(Reuters) -TJ Maxx parent TJX Cos surpassed market expectations for fourth-quarter sales on Wednesday as budget-conscious shoppers flocked to the off-price retailer’s stores in search of holiday deals on apparel, cosmetics and home goods.
It also announced a share buyback plan of up to $2.5 billion in fiscal 2025.
With interest rates still high, discount retailers such as TJX and Ross Stores will shine in an environment of cautious consumer spending, helping them take market share from department stores like Macy’s and Nordstrom, analysts have said.
Still, TJX forecast fiscal 2025 comparable sales growth of 2% to 3%, below expectations for a 3.72% rise. It expects diluted earnings per share of $3.94 to $4.02, compared with estimates of $4.11.

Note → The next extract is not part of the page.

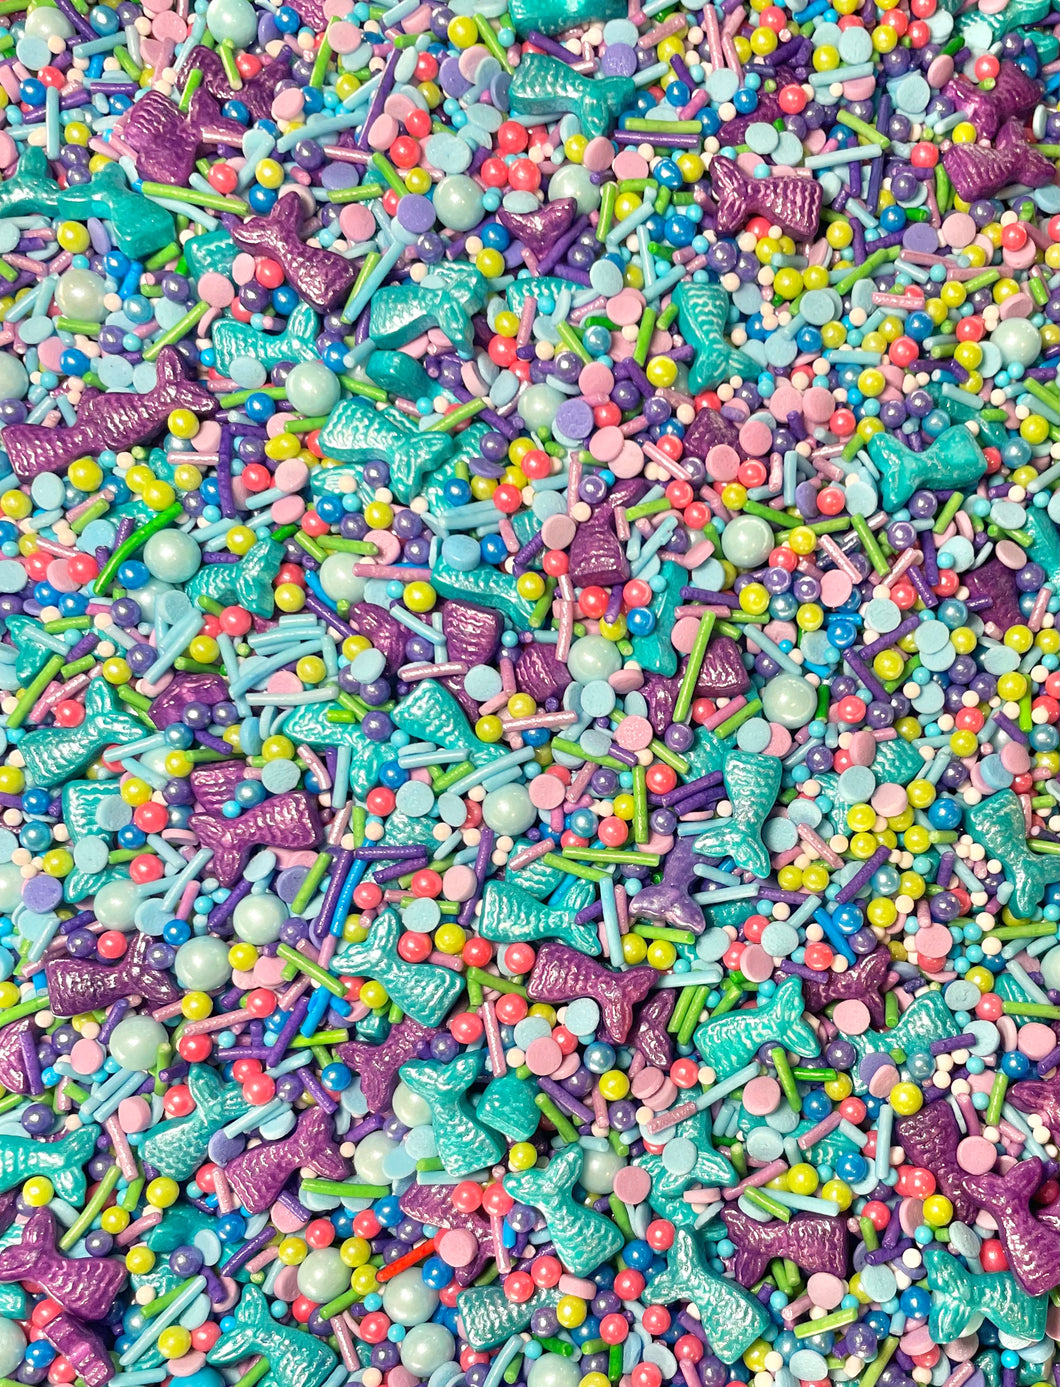 Tail's Up sprinkles blend | edible sprinkles, jimmies, nonpareils, quins, candy mermaid tails, sugar pearls | mermaid blend  | perfect for bakers that decorate cakes, cupcakes, or any sweet treat

Net sales for TJX’s core Marmaxx segment in the U.S. grew 5% in the quarter, driven by demand for cosmetics and skincare products. Its HomeGoods segment rose 7%.
“We saw comp sales growth at every division, driven by customer transactions, which underscores our confidence in our ability to gain market share across all of our geographies,” CEO Ernie Herrman said.
Shares of the company see-sawed in premarket trading.
Overall comparable store sales rose 5%, higher than analysts’ expectations of 4.15%, indicating holiday demand remained robust, aided by a healthy inventory.
The company posted net sales of $16.41 billion for the three months to Feb. 3, compared with analysts’ average estimate of $16.21 billion, according to LSEG data. Its quarter earnings per share of $1.22 came in above estimates of $1.12.
TJX also intends to raise its quarterly dividend in April by 13% to 375 cents per share.